Covanta Holding owns or operates a few dozen waste-to-energy plants in North America. The company's business model is to collect nonhazardous solid waste and then turn it into electricity, which it then sells back to the grid. 

While this company isn't exactly sexy, its business model certainly is intriguing. After all, customers actually pay the company to collect its raw material. How many other businesses can you name that do the same?

While Covanta's profits have been kept in check over the last few years, there are reasons to believe they're about to take off. For one, Covanta has been building a new facility in Ireland that's projected to come online in late 2017. In addition, the company's 20-year contract with New York City recently kicked in. If that goes well, it could spur adoption in other U.S. cities in the future.

Screen Shot

Image source: Covanta.

Add these two developments together, and analysts are projecting that the company's EPS will grow by 54% annually over the next five years. Who knew waste disposal could be so innovative?

The streaming king

The final stock on today's list is Netflix, one of the largest video streaming providers in the world.

What's intriguing about Netflix is that this was once a highly profitable business. Once upon a time, Netflix's DVD-by-mail business was cranking out cash flow, but a few years back, management made the bold decision to focus instead on providing streaming and original content. That switch required massive investment, which caused the company's profits and share price to plunge.

NFLX Chart

NFLX data by YCharts.

Investors have since come to embrace the bold decision, and we've seen hit shows like Stranger Things, Narcos, House of Cards, and Orange is the New Black cause membership to skyrocket.
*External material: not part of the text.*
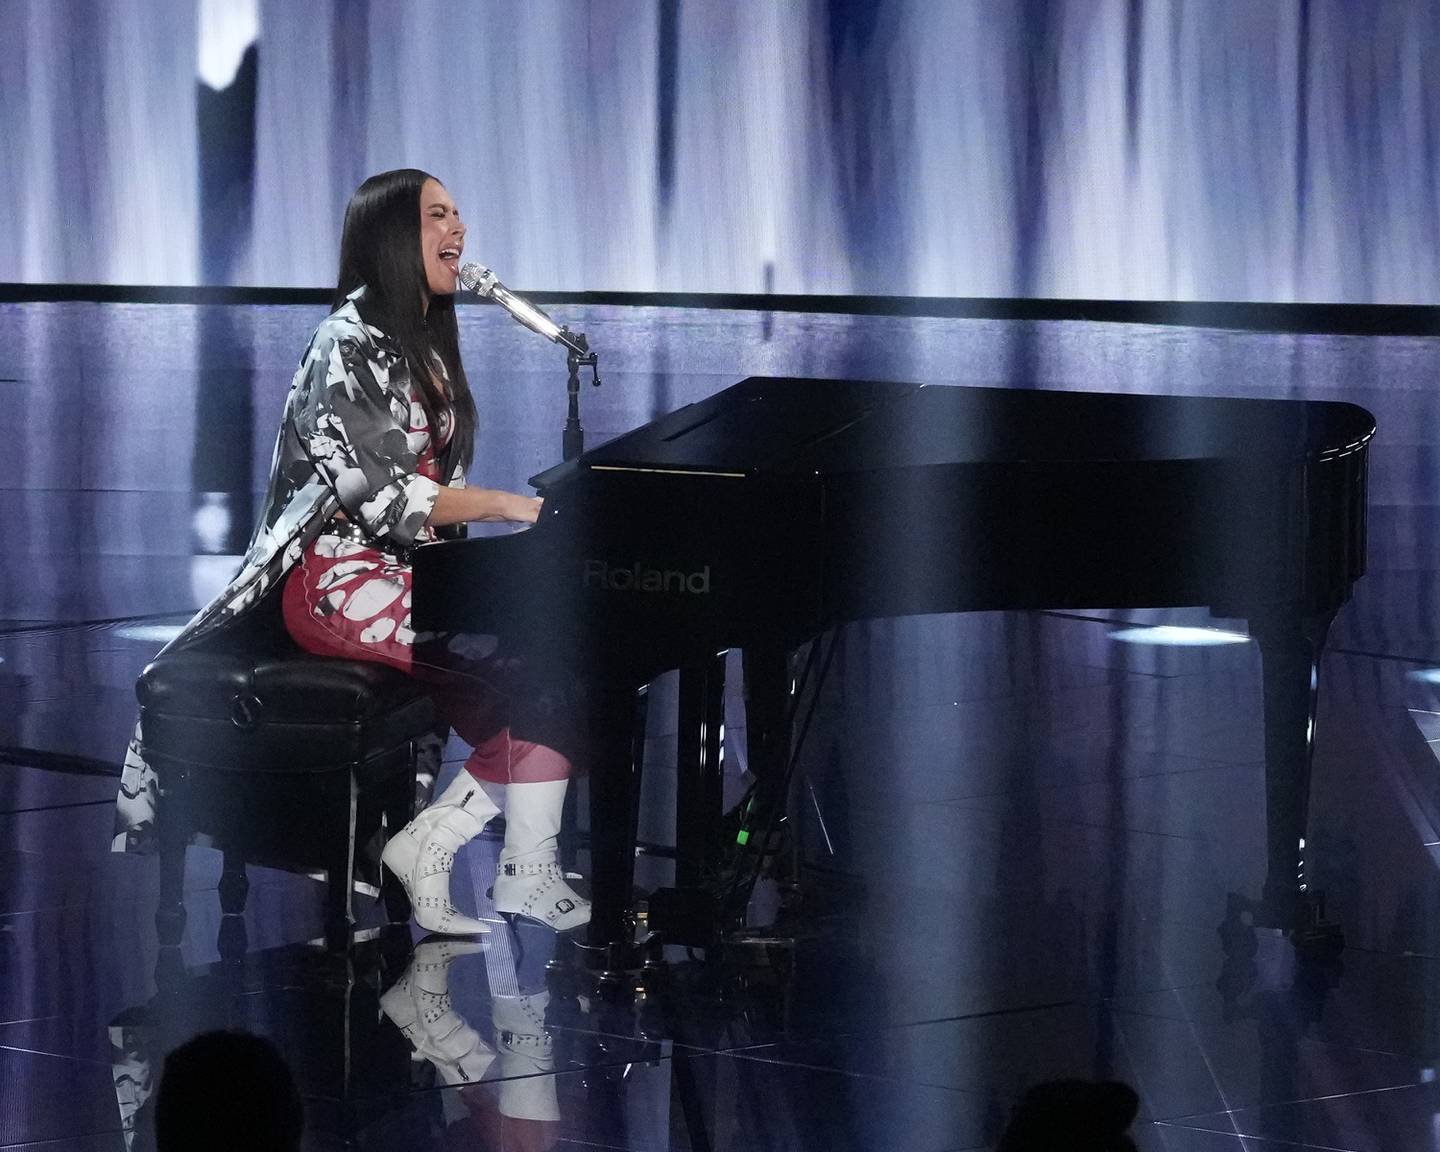 Caroline Baran, who performs under the name Kaeyra, did not make it through Monday’s episode of American Idol, where the top 12 performers were selected.

Management believes it will finally have enough scale to drive "material global profits" from 2017 onwards, which sets the company's bottom line up nicely to explode. Market watchers are projecting that EPS will grow by more than 73% annually over the next five years, which makes it the fastest grower on this list.

Are any worth buying?

While you could argue that all three of these companies are deserving of a place in your portfolio, I'm personally the most bullish on Netflix. I've been a longtime investor and customer, and I think the company still has plenty of room left for revenue and profit growth in the years ahead. That's especially true when you consider that the company has only just started to localize its content for international markets. As it starts to crack that nut, international revenue growth should really start to soar. That's why I plan on counting myself as a shareholder for a long time to come.